2- 7.63 minutes ir result 7.38 Mean residence time r 0.13 Variance o ² 0.15 O ² Zr 8.5 Bodenstein number Bo equivalent stirred kettle N

a) 328 l / h of a 90 ° C 80% strength by weight urea solution (ß ^v0 : 1.188), corresponding to about 312 kg / h of solid urea,

b) 20.36 l / h of 75% by weight sulfuric acid (D ²⁰ : 1.67) at room temperature, corresponding to 25.5 kg / h of 100% by weight sulfuric acid,

c) 256 l / h of technical isobutyraldehyde (98% IBA, 2% H ₂ O; D ^{: o} : 0.79), corresponding to 198 kg / h of pure aldehyde (= 6 mol% excess).

As a result of the aldehyde boiling off, the temperature is in the area where the reaction parameters are brought together near the boiling point of the aldehyde-water azeotrope around 60 ° C. Before that on the drive side Measures 56 ° C, 68 ° C to 70 ° C in the lower part of the middle of the apparatus and 65 ° C to 68 ° C in the discharge. The average residence time of the reaction components or the reaction product is 14 minutes, but here maximum proportions leave the reactor between 2 and 6 minutes. Therefore the proportion of sulfuric acid used is greater here, because otherwise the end product will not react sufficiently. 625 kg / h of a non-neutralized product mixture of the following leaves the reactor via a downpipe analytical composition:

Total nitrogen 23.80

Ammonium nitrogen 0.20

Carbamide nitrogen 4.34
2ö nitrogen from IBDH and minor cor.densater. 19.26

Hot water insoluble nitrogen 0.10

Sulfate 4.22

Water 21.58

The measured pH of a 10% suspension of the reaction product is 1.2. It becomes common then passed through the neutralizer and dryer.
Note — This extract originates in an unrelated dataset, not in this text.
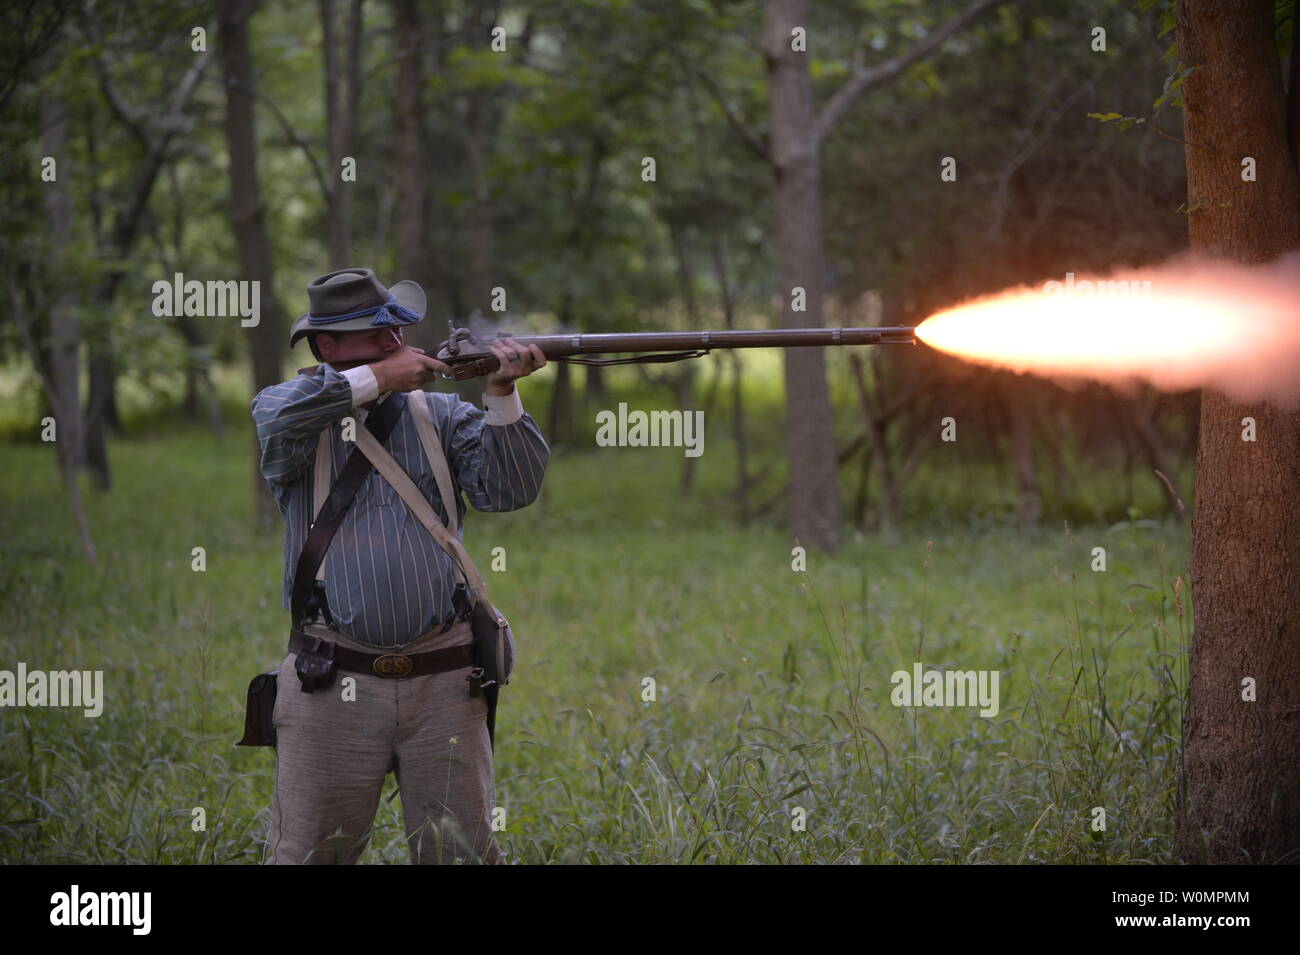 Steve Brown, an Air Force and Army combat veteran, fires his rifle during the 153rd anniversary of the Battle of Battle of Gettysburg on July 3, 2016. Brown served as a Technical Sergeant in the Air Force Security Forces before joining the Army and earning a commission. During that time, Brown was wounded twice in combat, ultimately losing all feeling in one leg. Photo by Christopher S. Muncy/U.S. Air National Guard/UPI Stock Photo

The residence time behavior is determined during continuous operation. To do this, dissolve 280 g of potassium sulfate in 1400 ml of 80 ° C hot water and press the solution within 20 seconds using nitrogen "into the reactor area, where urea solution, isobutyraldehyde and sulfuric acid come together. To determine potassium by flame photometry or atomic absorption, the A good sample was taken and left the reactor, the total observation period was 38 minutes.
The analyzes give the K ₂ SO ₄ amounts per 20.834 kg of product:

30.063 g, 31.219 g, 25.438 g, 25.438 g, 18.500 g, 16.188 g, 16.188 g, 13.875 g, 13.875 g, 11.563 g, 11.563 g, 9.250 g, 9.250 g, 9.250 g, 9.250 g, 5 J96 g. 5,396 g. 5,396 g. 3,469 g.

This results in:
Σ ^K : SO4 = 270.567 g.

The formulas given above can be used to calculate:

Mean residence time; 14.0 minutes

J5 variance tr 98.844

a ¹ Ir 0.505

Bodenstein number Bo 2.3

equivalent stirred kettle Λ '2

A comparison of the analytical composition according to Examples 1 and 2 according to the invention Procedure obtained products with that of the product obtained according to the comparative example show clearly shows that the proportion of the desired IBDH nitrogen is greatly increased, while conversely dei The content of undesired ammonium and carbamide nitrogen is greatly reduced.

1 sheet of drawings

Claims (1)

Claim: Process for the production of isobutylenediurea by reaction of aqueous urea solutions, which have a urea content of 60 to 90 wt .-% and a pH of 2.5 to 4, with isobutyraldehyde at temperatures of 40-90 ⁰ C, and neutralization of the obtained Reaction mixture to pH values of 5 to 8, characterized in that the reaction is carried out in a reaction zone while maintaining an average residence time of 3 to 10 minutes and a residence time behavior which is characterized by a Bodenstein number of 12 to 26, and the resulting The reaction mixture is neutralized in an immediately adjoining neutralization zone while maintaining the same residence times and the same residence time behavior at temperatures of 55-75 ° C.